» EXERCISE INPUT:
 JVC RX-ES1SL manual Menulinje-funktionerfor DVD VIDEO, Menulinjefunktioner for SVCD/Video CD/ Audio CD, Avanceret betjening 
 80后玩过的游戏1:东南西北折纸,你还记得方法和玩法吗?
* * *
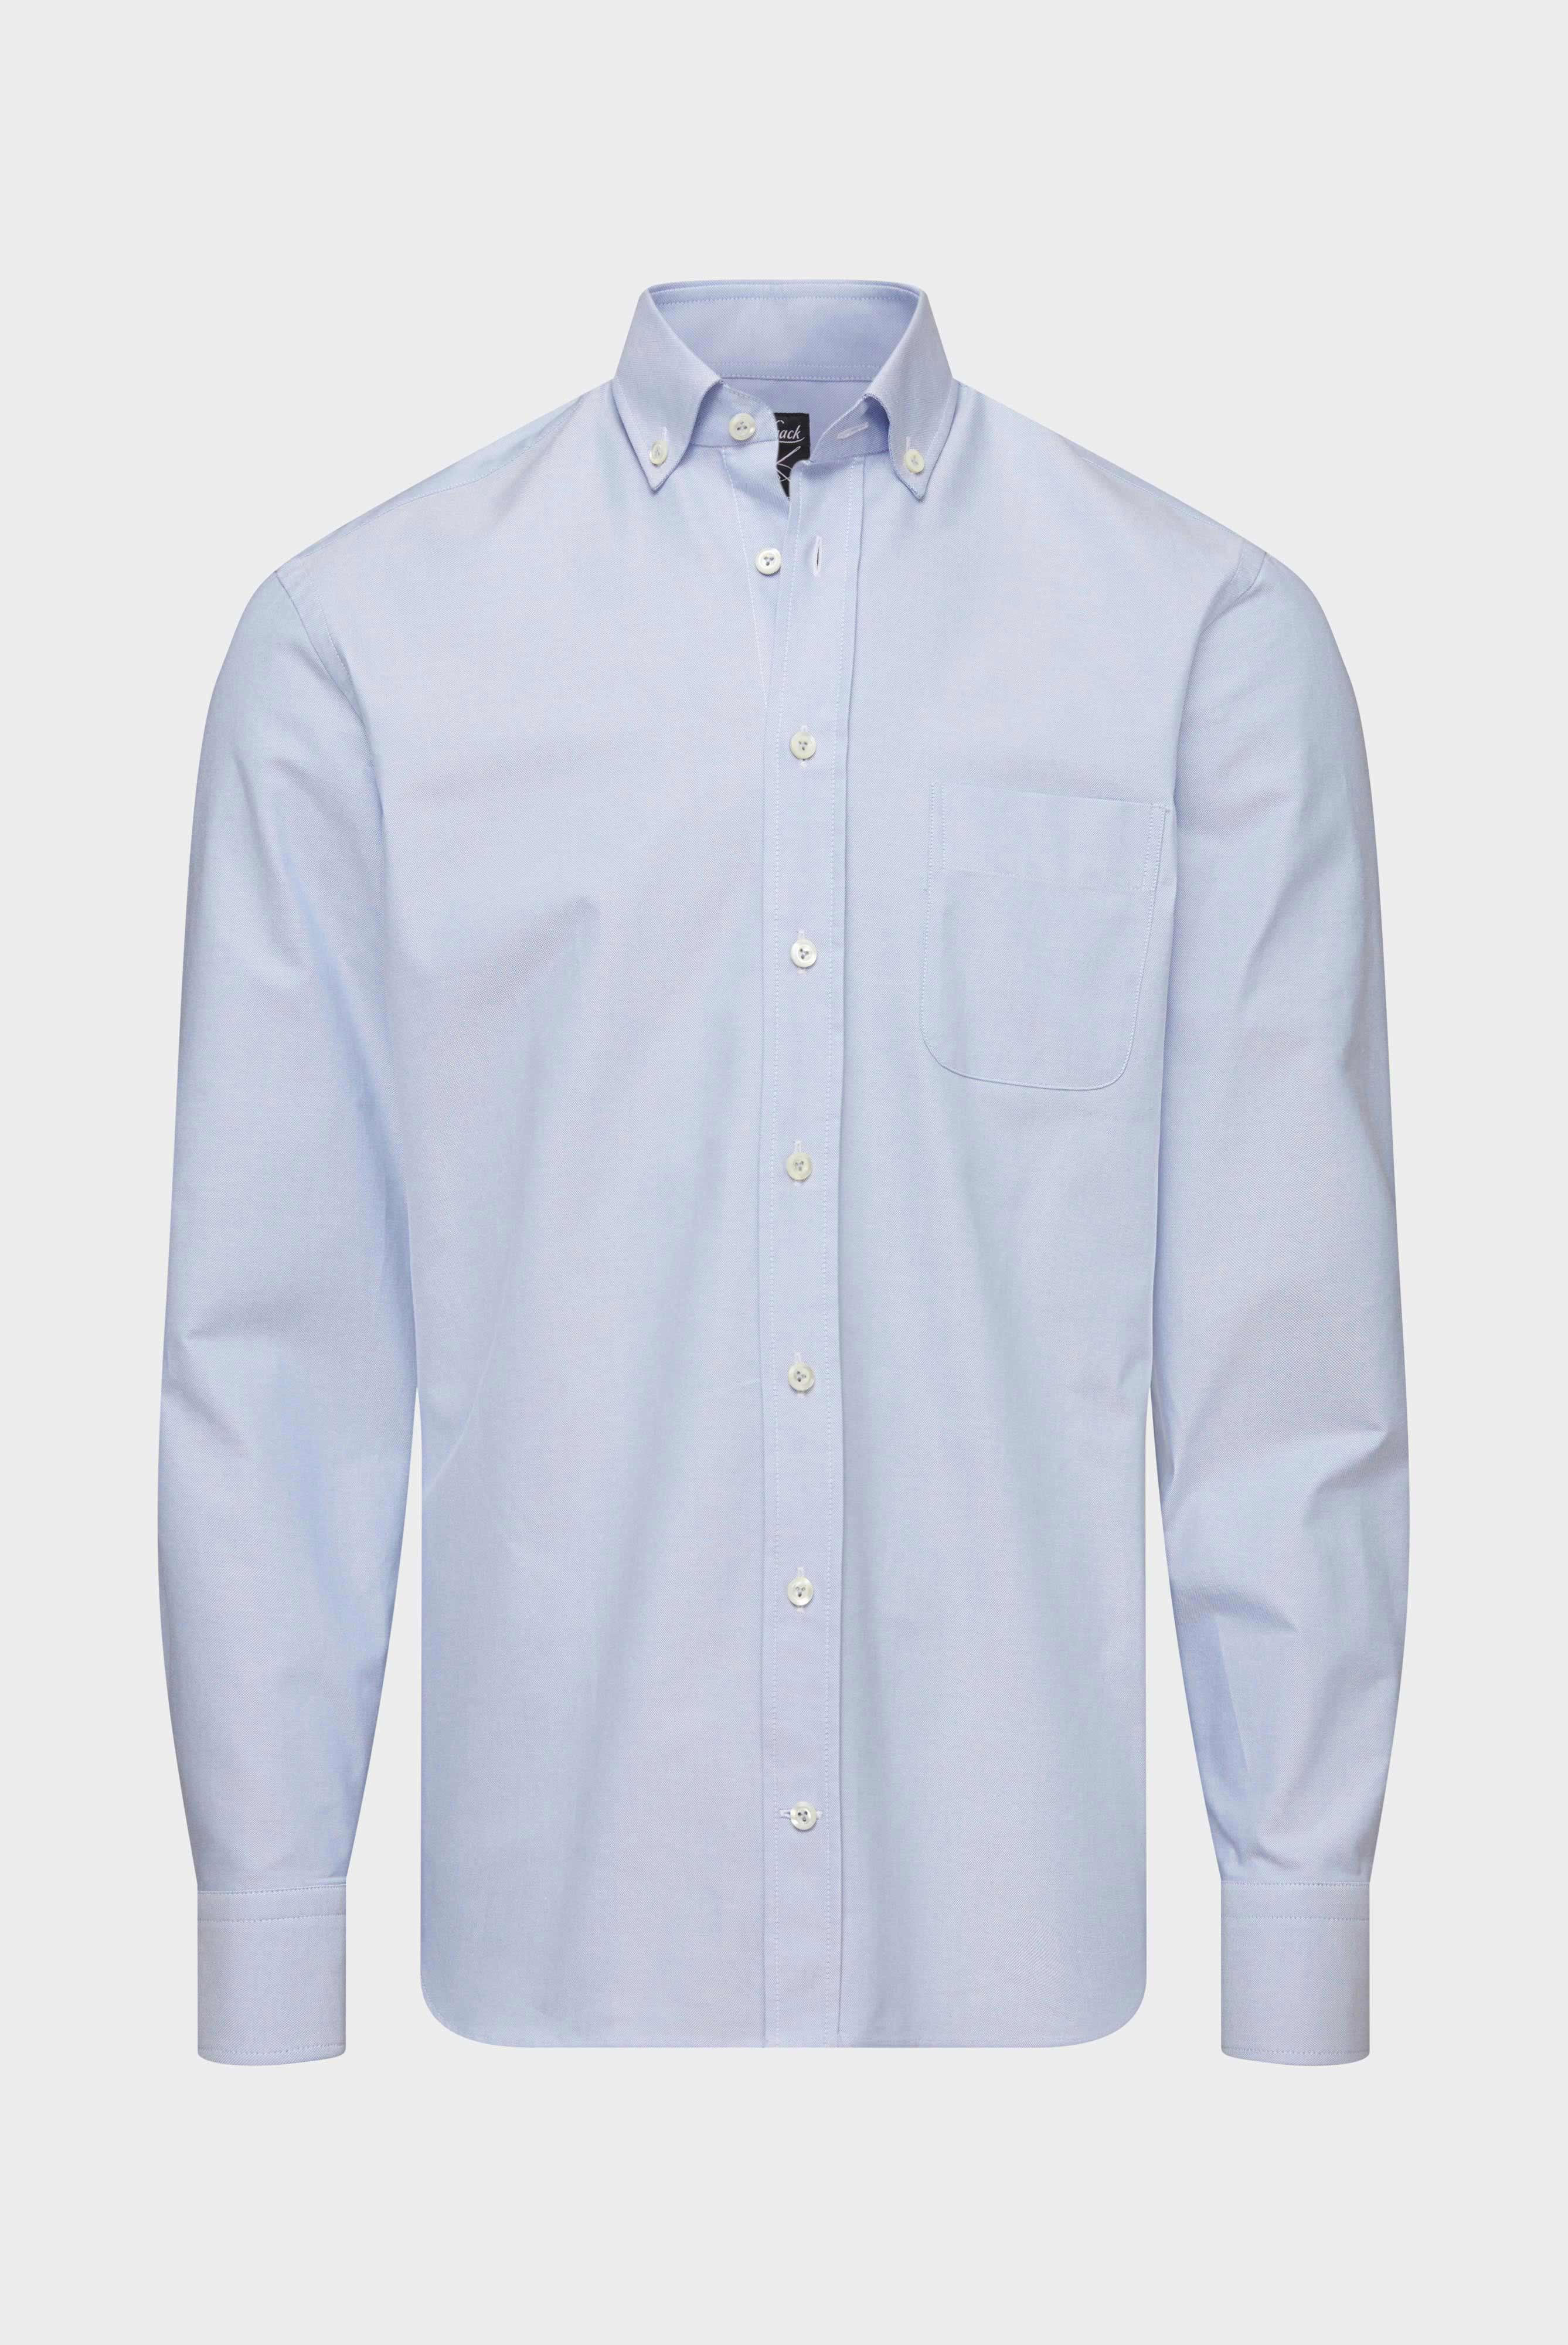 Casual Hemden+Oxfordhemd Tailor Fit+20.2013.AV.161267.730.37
--
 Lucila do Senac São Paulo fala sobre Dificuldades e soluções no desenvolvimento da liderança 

» TASK GOAL:
Retype the records above, but only those lines that fall between the line containing "JVC RX-ES1SL manual" and the line containing "80后玩过的游戏1:东南西北折纸,你还记得方法和玩法吗?", with both of those lines included, exactly as written.

» ANSWER FOR THIS EXERCISE:
 JVC RX-ES1SL manual Menulinje-funktionerfor DVD VIDEO, Menulinjefunktioner for SVCD/Video CD/ Audio CD, Avanceret betjening 
 80后玩过的游戏1:东南西北折纸,你还记得方法和玩法吗?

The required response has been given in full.